How to Integrate Azure OpenAI for investment banking with CosmosDB for RAG

By Cyprian AaronsUpdated 2026-04-21

azure-openai-for-investment-bankingcosmosdbrag

Combining Azure OpenAI with Cosmos DB gives you a practical RAG stack for investment banking workflows. You can ground responses in deal docs, pitch books, research notes, policy memos, and client-specific data without dumping everything into the model context window.

The pattern is straightforward: Azure OpenAI handles embeddings and generation, while Cosmos DB stores and retrieves the vectorized knowledge base.
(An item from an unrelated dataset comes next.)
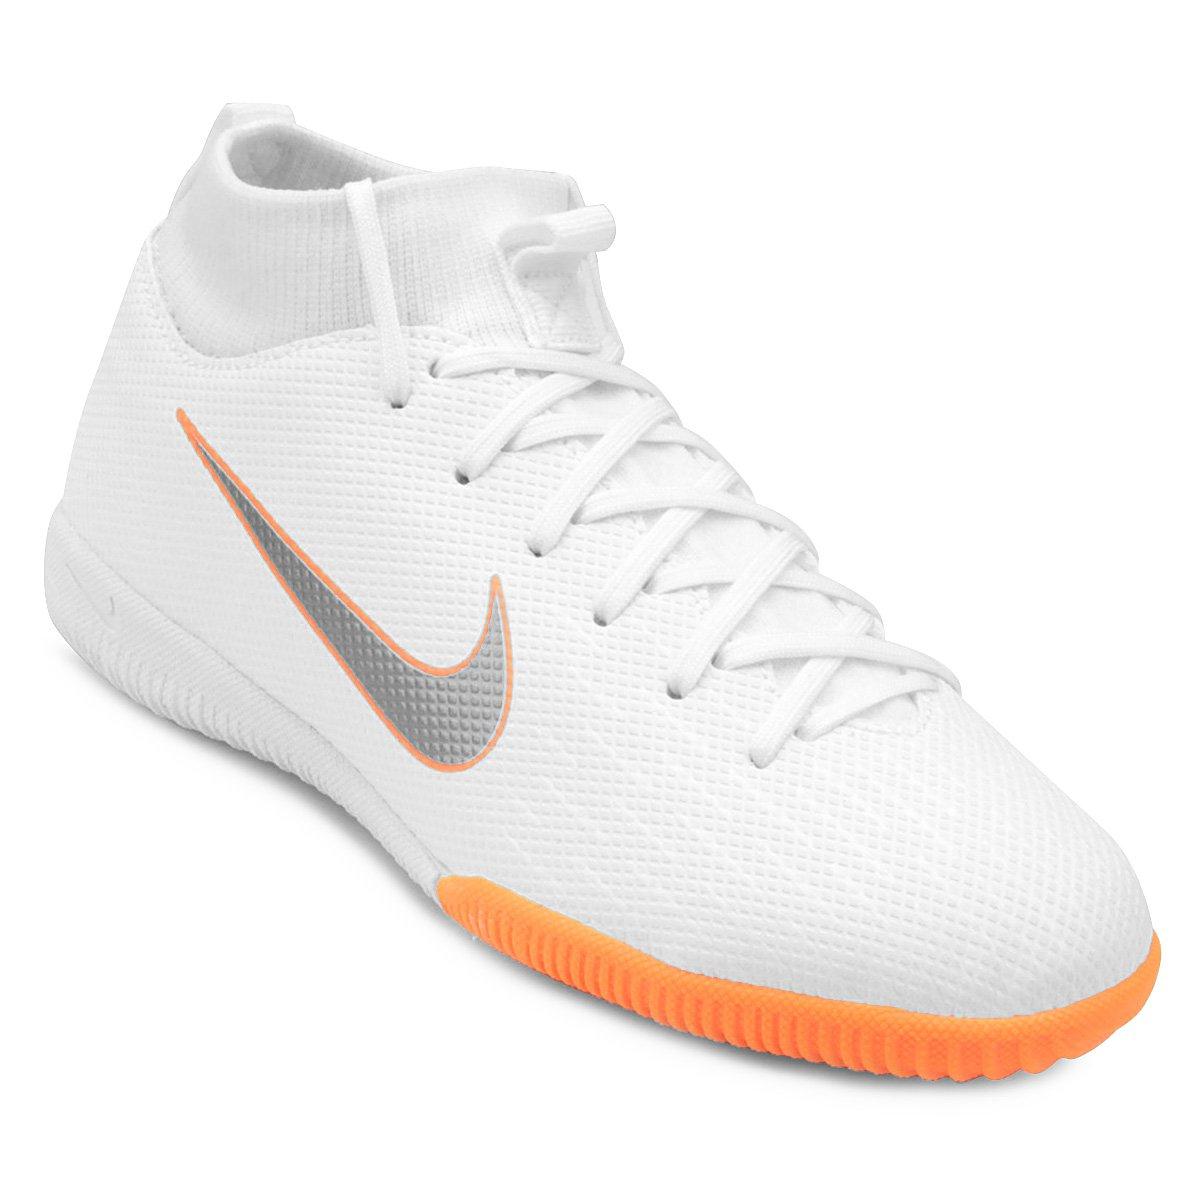 5311ae24e0 Chuteira Futsal Infantil Nike Mercurial Superfly 6 Academy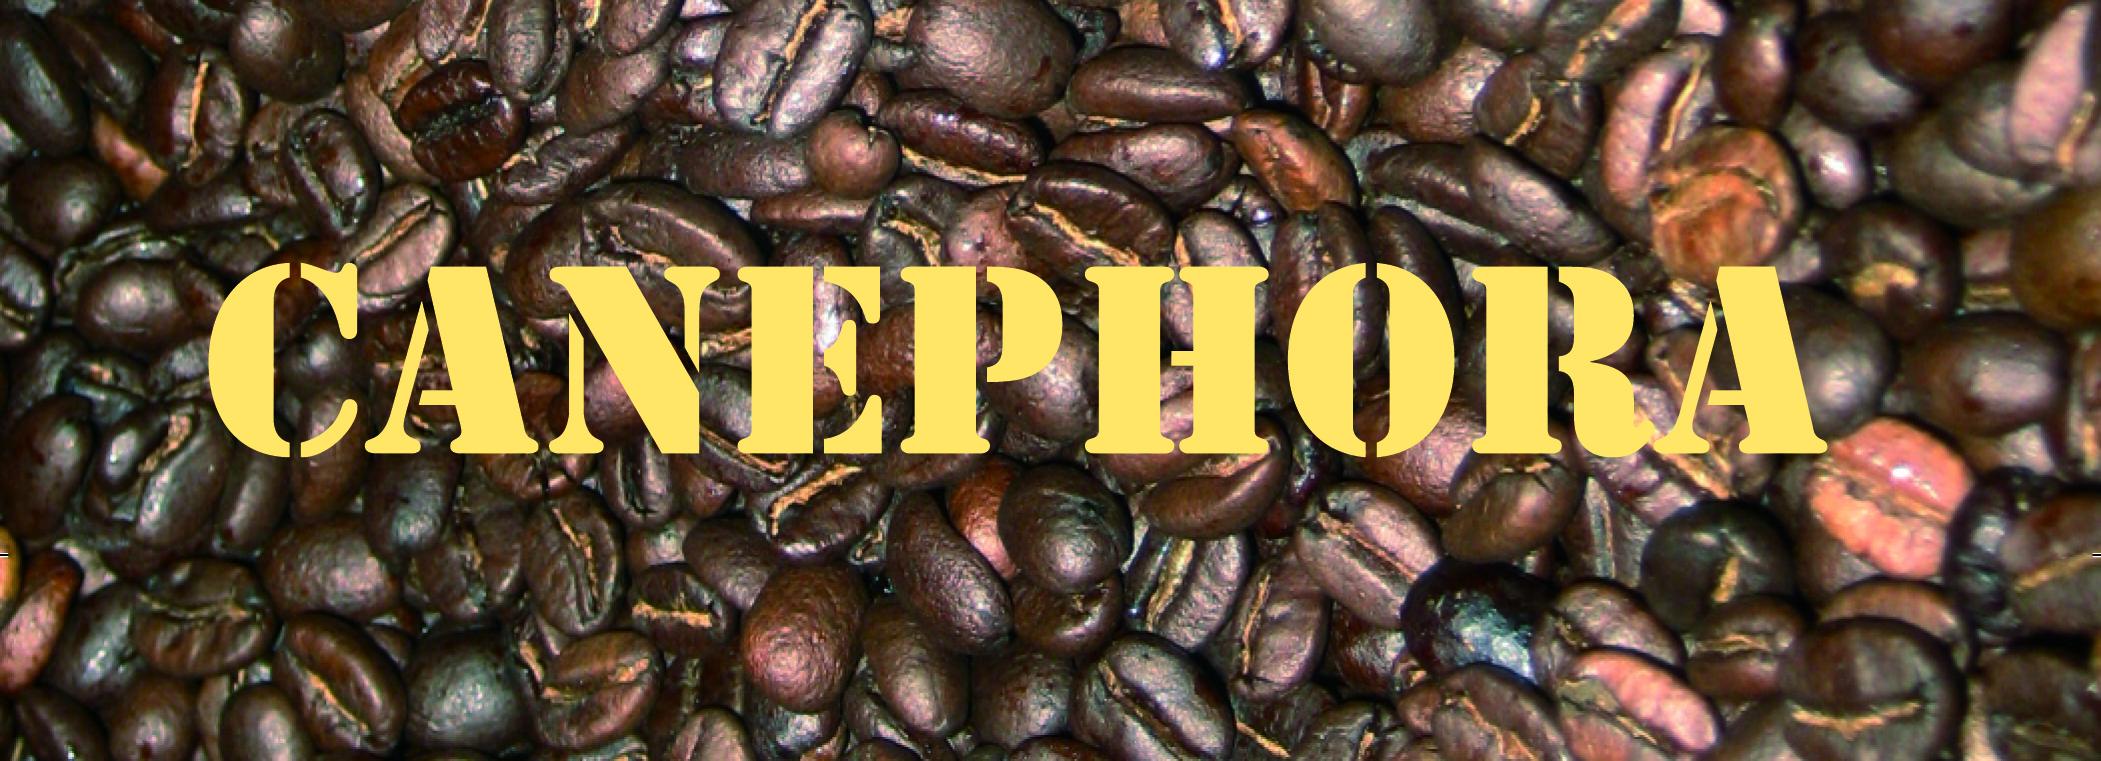 canephora

That lets you build assistants that answer questions like “What were the key covenants in the latest credit memo?” or “Summarize comparable company risks from our internal research library.”

Prerequisites

•
An Azure subscription with:
- •Azure OpenAI resource
- •Azure Cosmos DB for NoSQL account with vector search enabled
•Python 3.10+
•
Installed packages:
- •openai
- •azure-cosmos
- •python-dotenv
•
Azure OpenAI deployment names for:
- •Chat model
- •Embedding model
•
Cosmos DB database and container created with:
- •Partition key
- •Vector embedding policy
- •Vector index
•
Environment variables set:
- •AZURE_OPENAI_ENDPOINT
- •AZURE_OPENAI_API_KEY
- •AZURE_OPENAI_API_VERSION
- •AZURE_OPENAI_CHAT_DEPLOYMENT
- •AZURE_OPENAI_EMBEDDING_DEPLOYMENT
- •COSMOS_ENDPOINT
- •COSMOS_KEY
- •COSMOS_DATABASE_NAME
- •COSMOS_CONTAINER_NAME

Install dependencies:

pip install openai azure-cosmos python-dotenv

Integration Steps

•Set up clients for Azure OpenAI and Cosmos DB.

Use the Azure OpenAI SDK for chat and embeddings, and the Cosmos SDK for storage and retrieval.

import os
from dotenv import load_dotenv
from openai import AzureOpenAI
from azure.cosmos import CosmosClient

load_dotenv()

aoai_client = AzureOpenAI(
    api_key=os.environ["AZURE_OPENAI_API_KEY"],
    api_version=os.environ["AZURE_OPENAI_API_VERSION"],
    azure_endpoint=os.environ["AZURE_OPENAI_ENDPOINT"],
)

cosmos_client = CosmosClient(
    url=os.environ["COSMOS_ENDPOINT"],
    credential=os.environ["COSMOS_KEY"],
)

db = cosmos_client.get_database_client(os.environ["COSMOS_DATABASE_NAME"])
container = db.get_container_client(os.environ["COSMOS_CONTAINER_NAME"])

•Generate embeddings for banking documents before storing them.

For RAG, every chunk needs a vector. Keep chunks small enough to preserve relevance, usually one section of a memo or one page of a deck.

def embed_text(text: str) -> list[float]:
    response = aoai_client.embeddings.create(
        model=os.environ["AZURE_OPENAI_EMBEDDING_DEPLOYMENT"],
        input=text,
    )
    return response.data[0].embedding

chunk = {
    "id": "credit-memo-001",
    "docType": "credit_memo",
    "clientId": "client-123",
    "title": "Acquisition Financing Memo",
    "content": "The borrower maintains a minimum EBITDA covenant of 3.0x...",
}

chunk["embedding"] = embed_text(chunk["content"])

•Store document chunks in Cosmos DB with metadata for filtering.

In investment banking, metadata matters as much as vectors. You need filters like client, desk, deal type, region, or document class.

container.upsert_item({
    "id": chunk["id"],
    "docType": chunk["docType"],
    "clientId": chunk["clientId"],
    "title": chunk["title"],
    "content": chunk["content"],
    "embedding": chunk["embedding"],
})

•Retrieve the most relevant chunks using vector search.

Cosmos DB supports vector queries through SQL API query text and parameters. Use the query embedding to fetch top matches before calling the chat model.

def retrieve_context(query: str, top_k: int = 3) -> list[dict]:
    query_embedding = embed_text(query)

    sql = """
    SELECT TOP @top_k c.id, c.title, c.content
    FROM c
    ORDER BY VectorDistance(c.embedding, @query_embedding)
    """

    params = [
        {"name": "@top_k", "value": top_k},
        {"name": "@query_embedding", "value": query_embedding},
    ]

    items = list(container.query_items(
        query=sql,
        parameters=params,
        enable_cross_partition_query=True,
    ))
    return items

results = retrieve_context("What are the EBITDA covenant thresholds in the latest memo?")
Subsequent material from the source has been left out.